## Task prompt
If a line below falls between the line with "A Philadelphia Greeting Christmas Card" and the line with "(Archivierung klassische Kino", or is one of those two, output it exactly; output nothing else and no pictures.

## Records provided

* * * * * * * * *

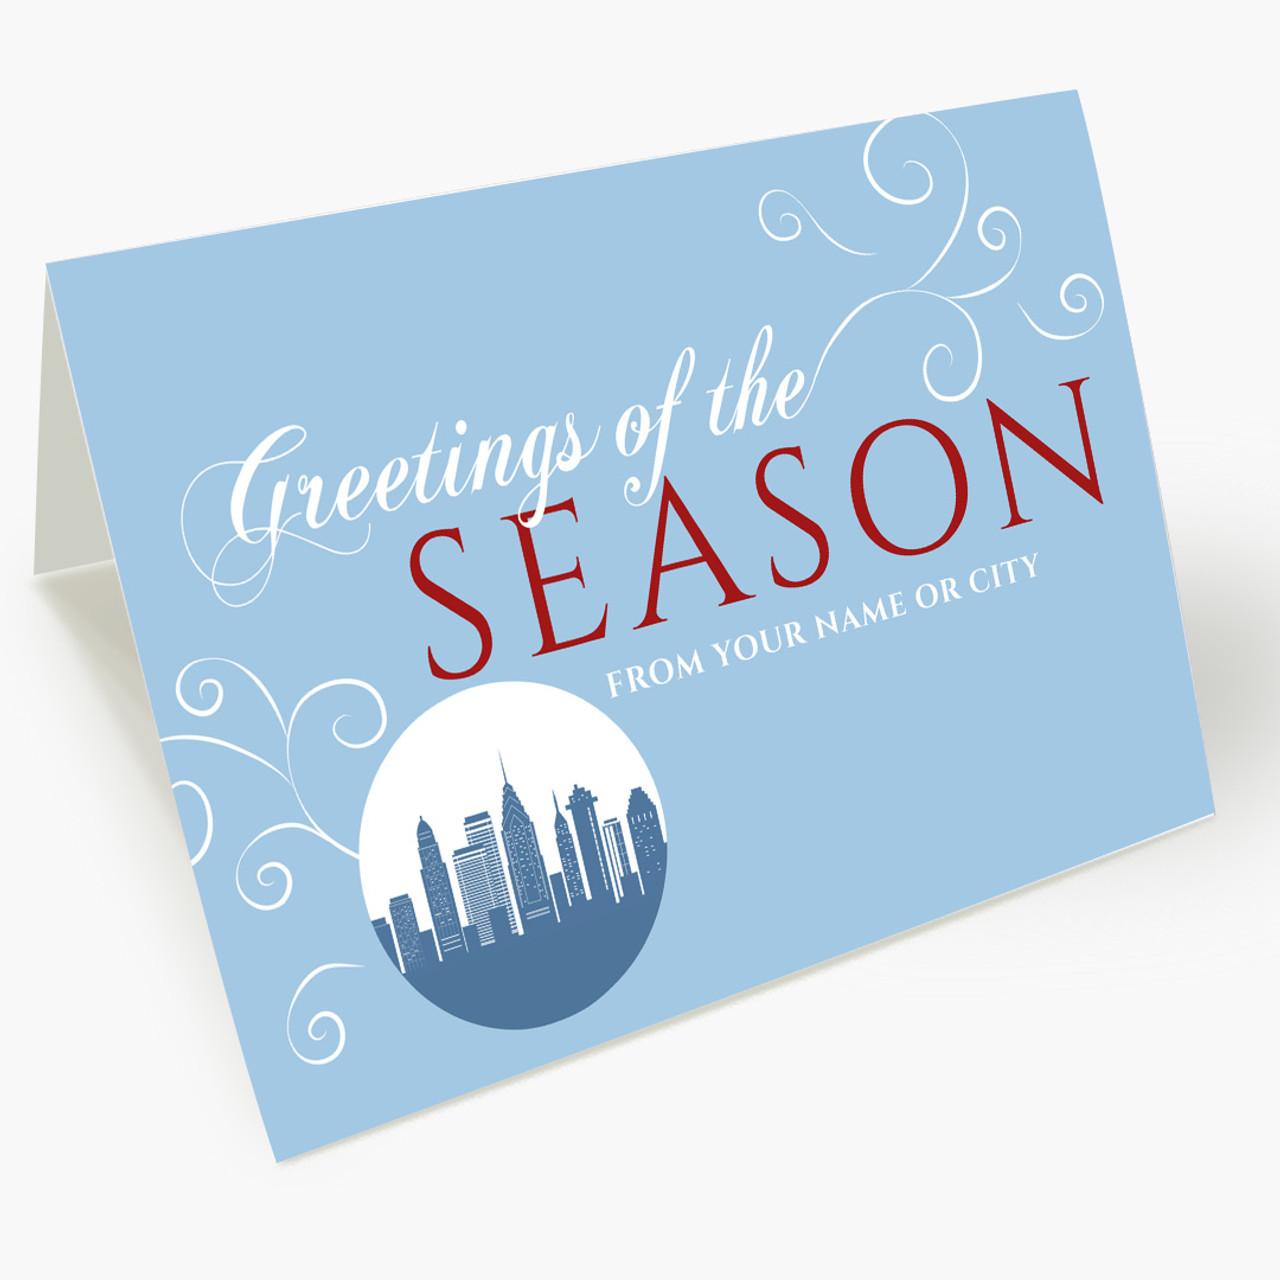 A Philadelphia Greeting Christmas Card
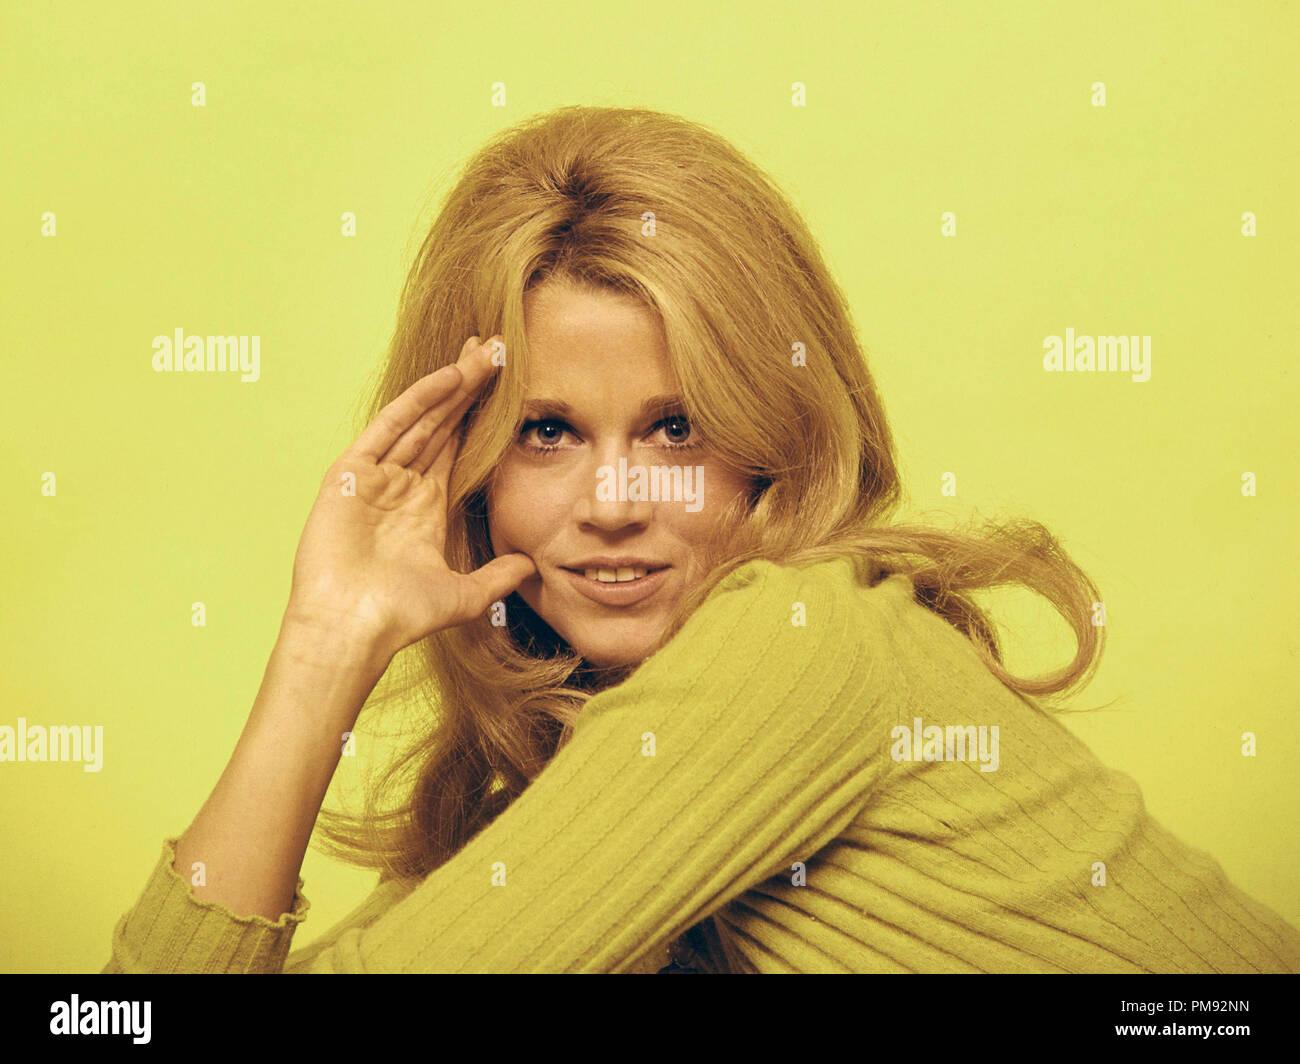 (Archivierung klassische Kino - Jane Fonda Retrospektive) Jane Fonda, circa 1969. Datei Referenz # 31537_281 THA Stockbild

* * * * * * * * *

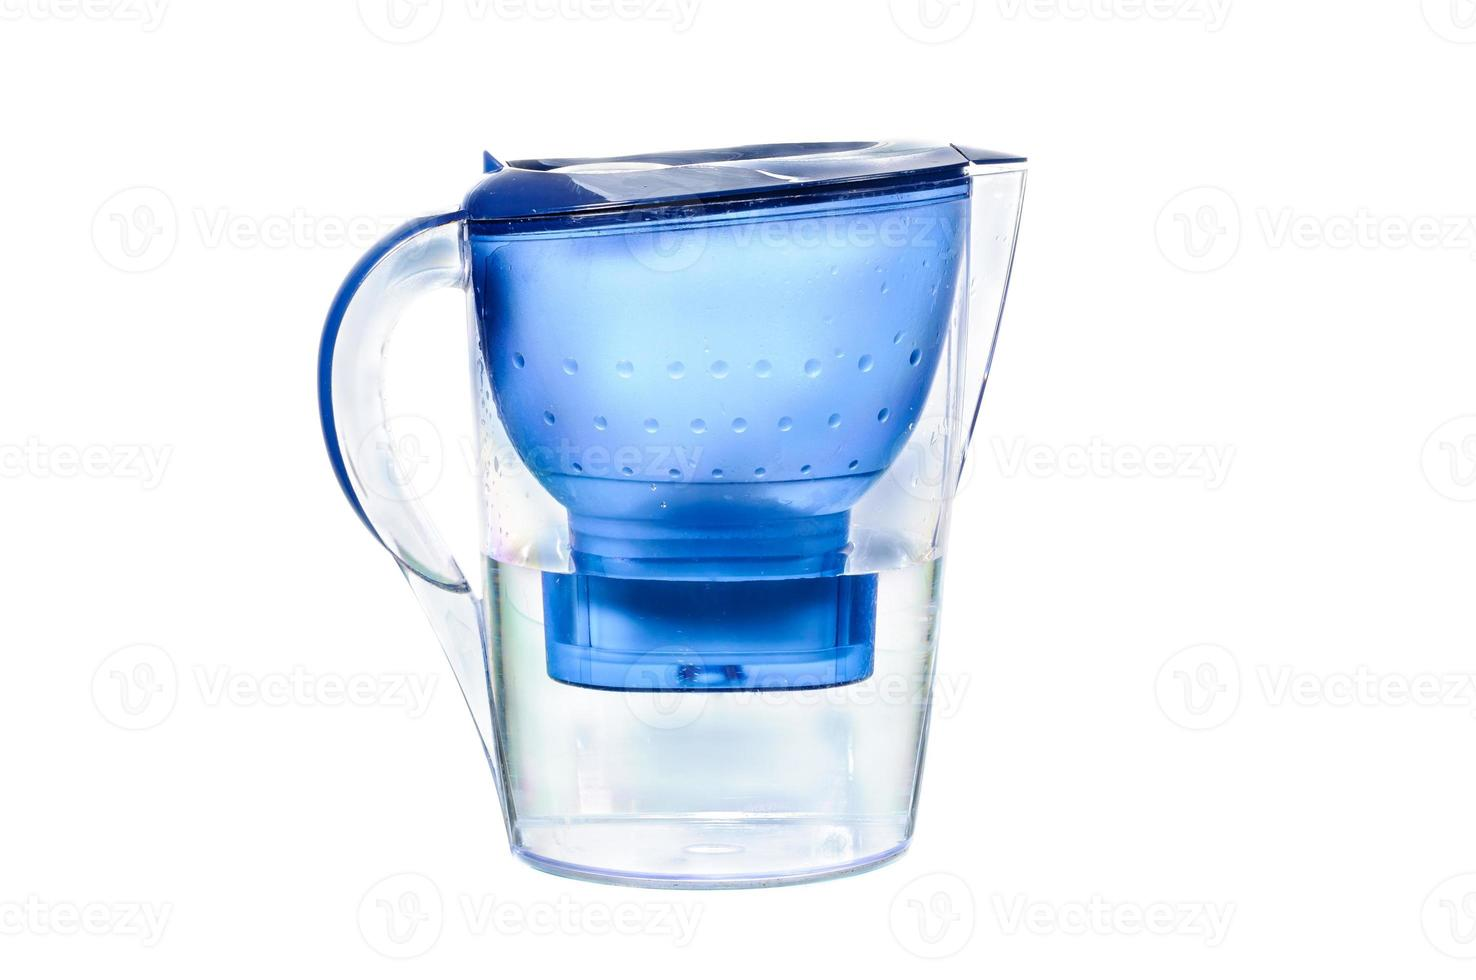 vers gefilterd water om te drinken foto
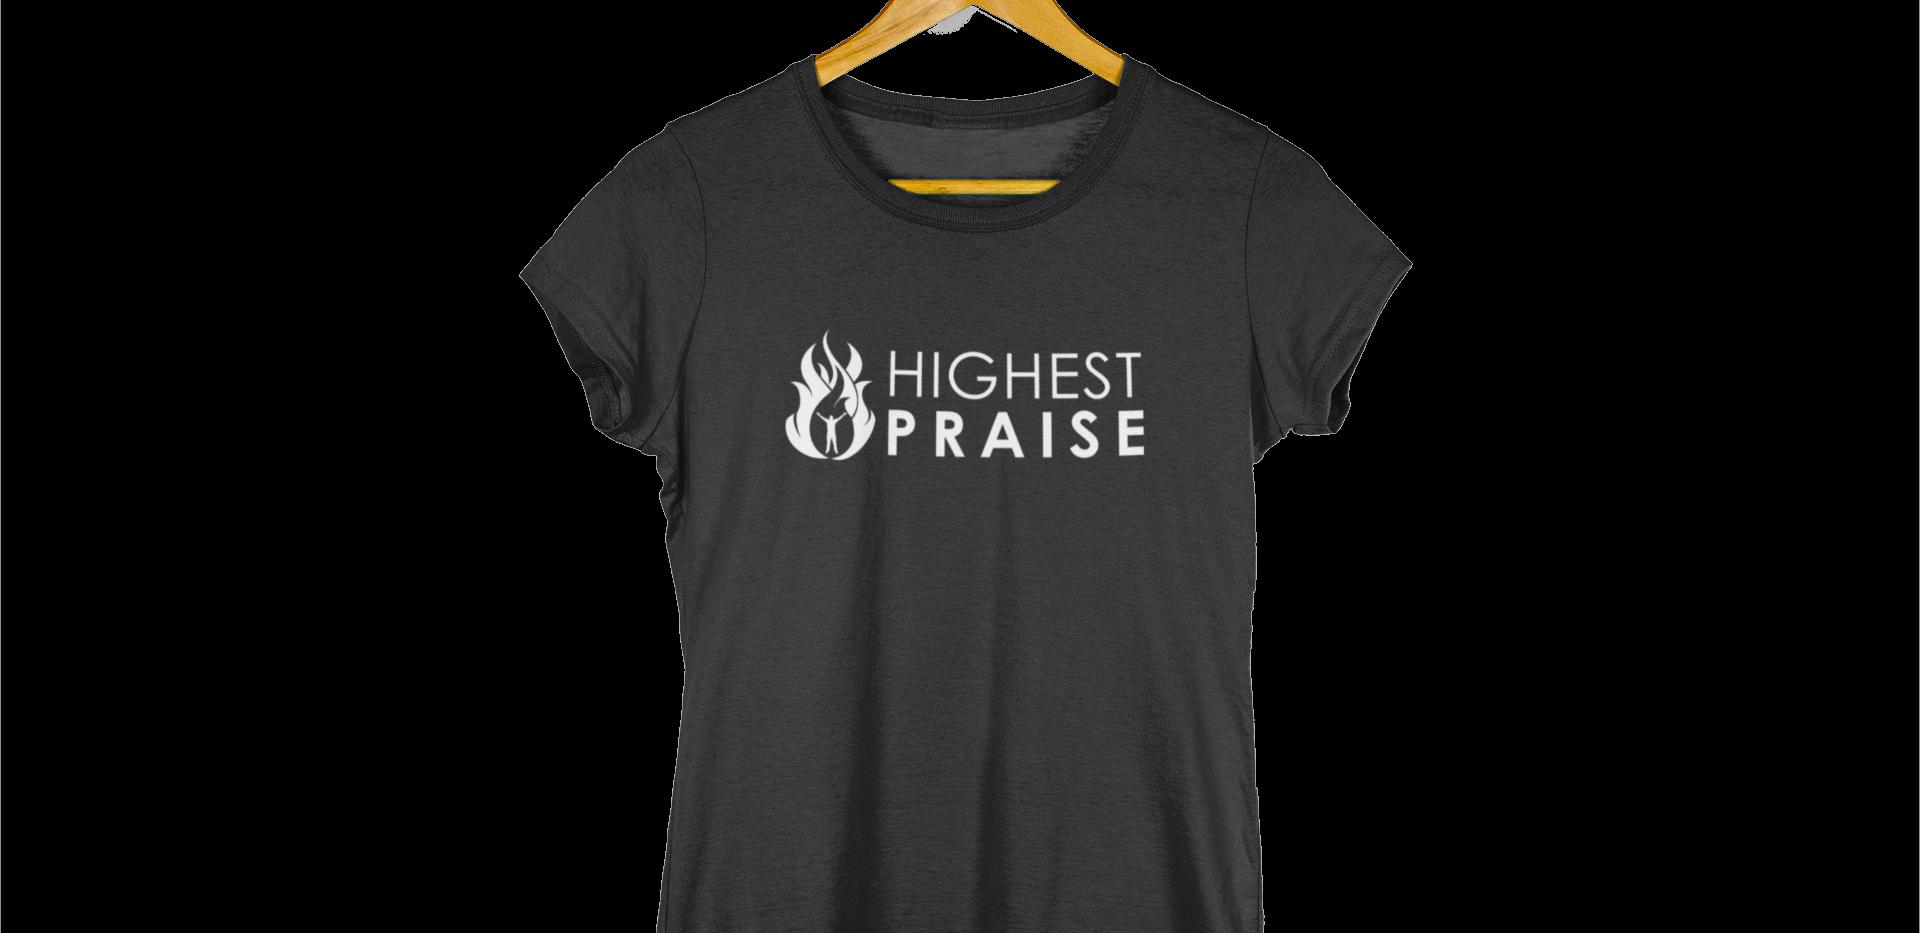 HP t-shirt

* * * * * * * * *

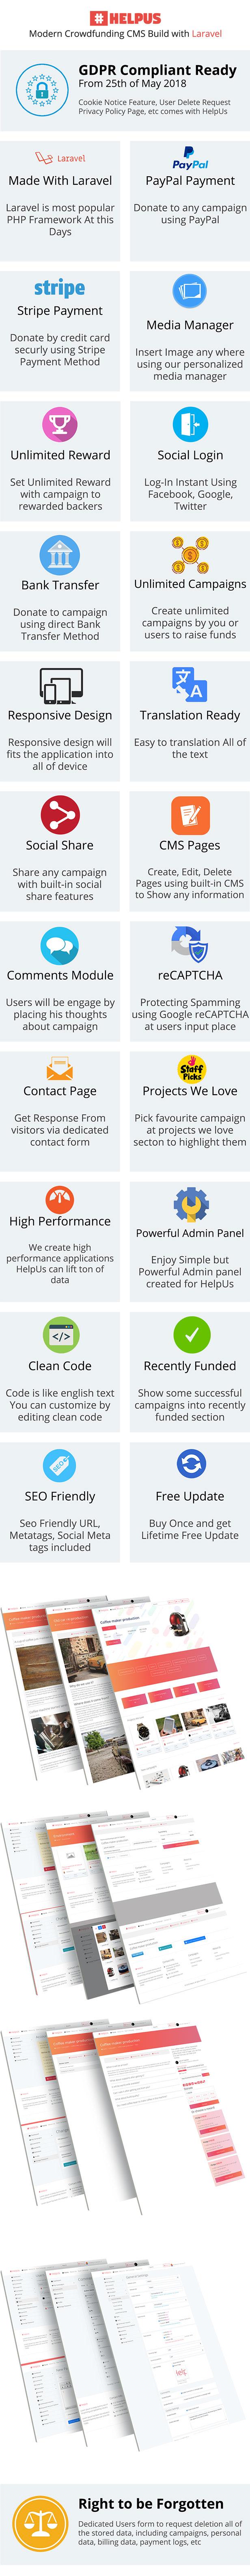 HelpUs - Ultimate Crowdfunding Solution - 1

* * * * * * * * *

## Solution to the problem
 A Philadelphia Greeting Christmas Card
 (Archivierung klassische Kino - Jane Fonda Retrospektive) Jane Fonda, circa 1969. Datei Referenz # 31537_281 THA Stockbild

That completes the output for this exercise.